Using mouse models that express human neutralizing antibody precursors designed by co-senior author Frederick Alt, Ph.D., and co-first author Ming Tian of Boston Children’s Hospital, the Howard Hughes Medical Institute and Harvard Medical School, the researchers demonstrated that their immunogen could, indeed, coax a lineage of B-cells to undergo the improbable mutations that result in broadly neutralizing antibodies.
“Our ability to make mouse models that express human broadly neutralizing antibodies has provided powerful new model systems in which we can iteratively test experimental HIV vaccines”, said Alt, who directs Boston Children’s Program in Cellular and Molecular Medicine.
A second lineage of bnAbs -- binding to a different region of the virus’s outer envelope called the CD4 binding site that has long been a focus of HIV research -- also went through improbable mutations. After the researchers reconstructed this antibody’s history, they developed a second immunogen. Tested in non-human primates, it similarly selected for the necessary mutations, which led to the development of potent CD4 binding-site neutralizing antibodies.
“We have identified the mutations we need, which the immune system won’t easily make, and can select for them in a vaccine that targets that mutation,” Saunders said. “We have shown that we can overcome this major roadblock and can select for the right mutational changes in these bnAb precursors when they are starting to get better and better at neutralizing activity.”
The researchers noted that ongoing studies are needed to identify additional antibodies to target as they identify and build immunogens that would constitute a vaccine.
“Without proper antigen selection it will take multiple decades of vaccination to elicit effective antibodies,” Wiehe said. “We can accelerate this timeline by designing sequential immunogens that select for the required combination of functional antibody mutations.”

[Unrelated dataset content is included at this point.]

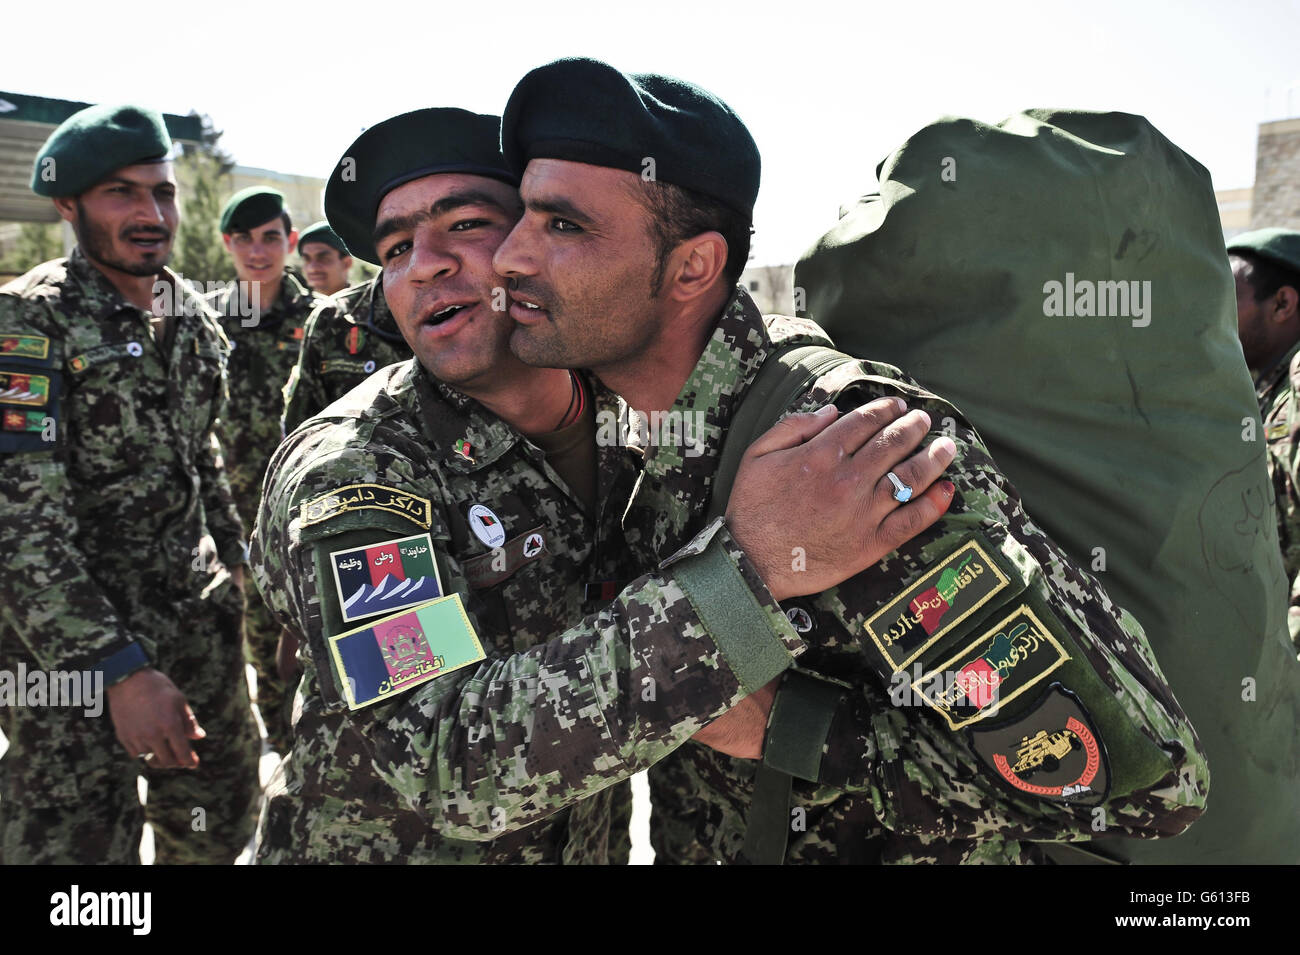 Offiziere der afghanischen Nationalarmee umarmen und sagen Auf Wiedersehen auf dem Platz der Parade im Militärausbildungszentrum Kabul, Kabul, Afghanistan, nachdem sie einer Feldeinheit zugewiesen wurden und sich schließlich auf den Weg gemacht haben, um im Theater gegen die Taliban zu kämpfen. Stockfoto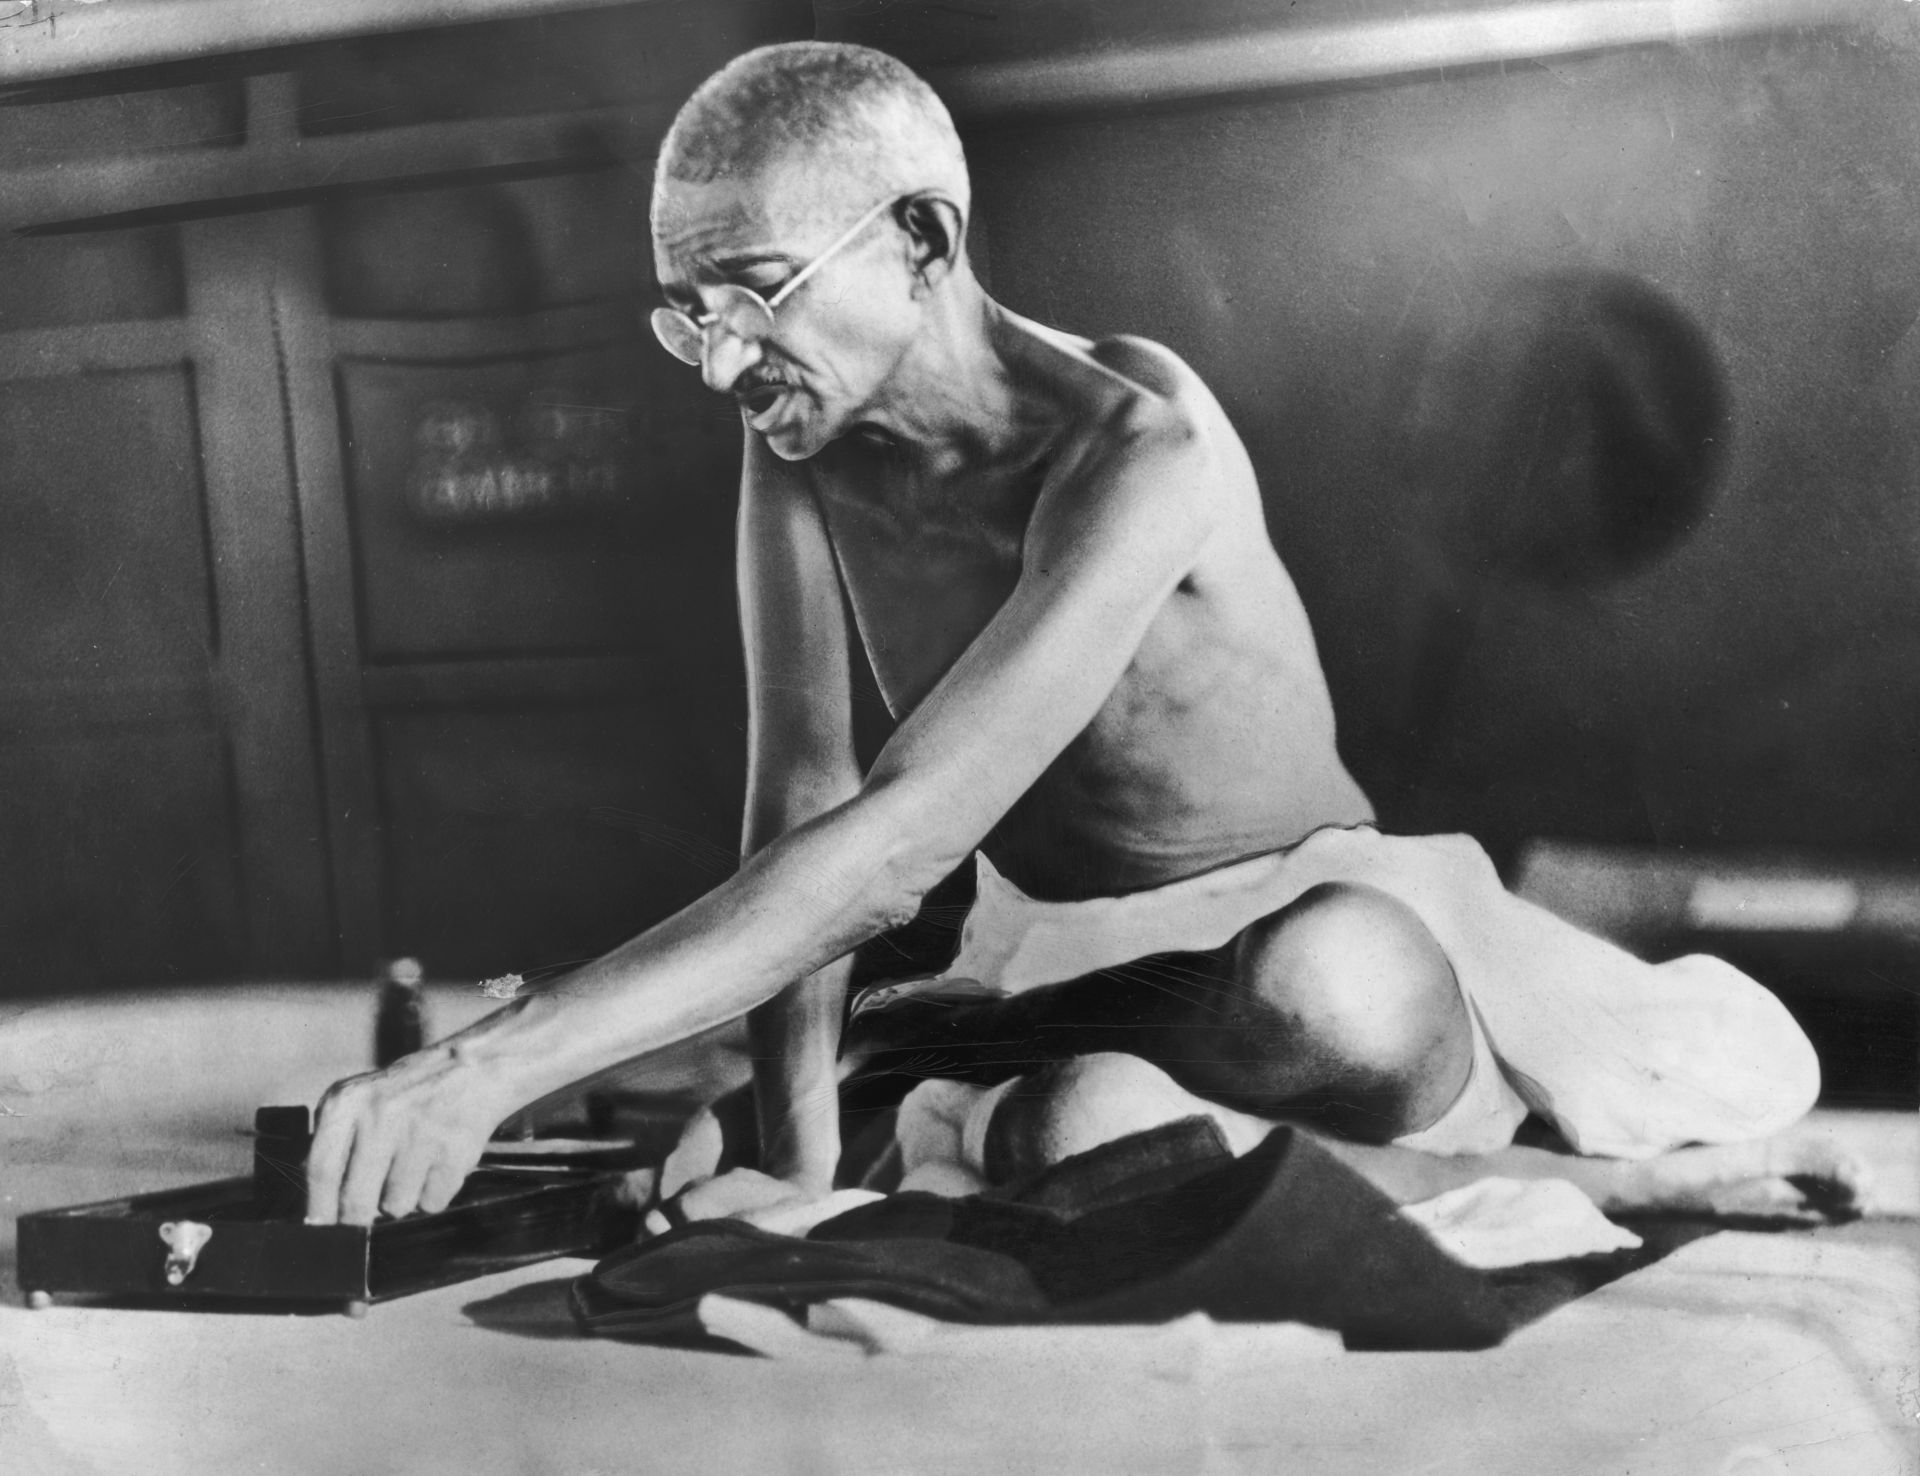  Махатма Ганди към 1930 година

Haynes said the research demonstrates the intricacies of eliciting broadly neutralizing antibodies for HIV. And while an HIV vaccine still requires more work, the findings already have broader applications.
“This strategy of selecting specific antibody nucleotides by immunogen design can be applied to other infections for which vaccine development has been difficult,” Haynes said.
Additionally, he said, the insights gained from the HIV research have direct implications for cancer immunotherapies and treatments for autoimmune disorders. Both require strategies that precisely turn the immune system on or off without triggering a harmful cascade of unintended consequences.
“We have learned much about the rules of how the B-cell arm of the immune system is controlled and how to manipulate the immune system in a way that it makes the desired type of antibodies,” Haynes said.
In addition to Haynes, Saunders, Wiehe and Acharya, study authors from Duke include David Montefiori, Todd Bradley, S. Munir Alam, Richard Scearce, Laura Sutherland, Rory Henderson, Haiyan Chen, Xiaozhi Lu, Nelson R. Wu, Brian Watts, Chuancang Jiang, David Easterhoff, Amanda Eaton, Jinsong Zhang, Wes Rountree, Laurent Verkoczy, Robert J. Edwards, Derek W. Cain and Mattia Bonsignori.
Along with Alt and Tian, study authors from Boston Children’s Hospital, Harvard Medical School and the Howard Hughes Medical Institute include Hwei-Ling Cheng, Kelly McGovern, Peyton Waddicor and Aimee Williams.
Additional authors include Eden P. Go and Heather R. Desaire from the University of Kansas, Lawrence; Allen Hsu and Mario Borgnia from the National Institute of Environmental Health Sciences; Mark Tomai of the 3M company; and Mark G. Lewis of Bioqual.
The study received funding from the National Institute of Allergy and Infectious Diseases, a part of the National Institutes of Health (R01-AI120801, UM1-AI100645, UM1-AI144371, R01-AI125093), and from the Duke Translational Health Initiative.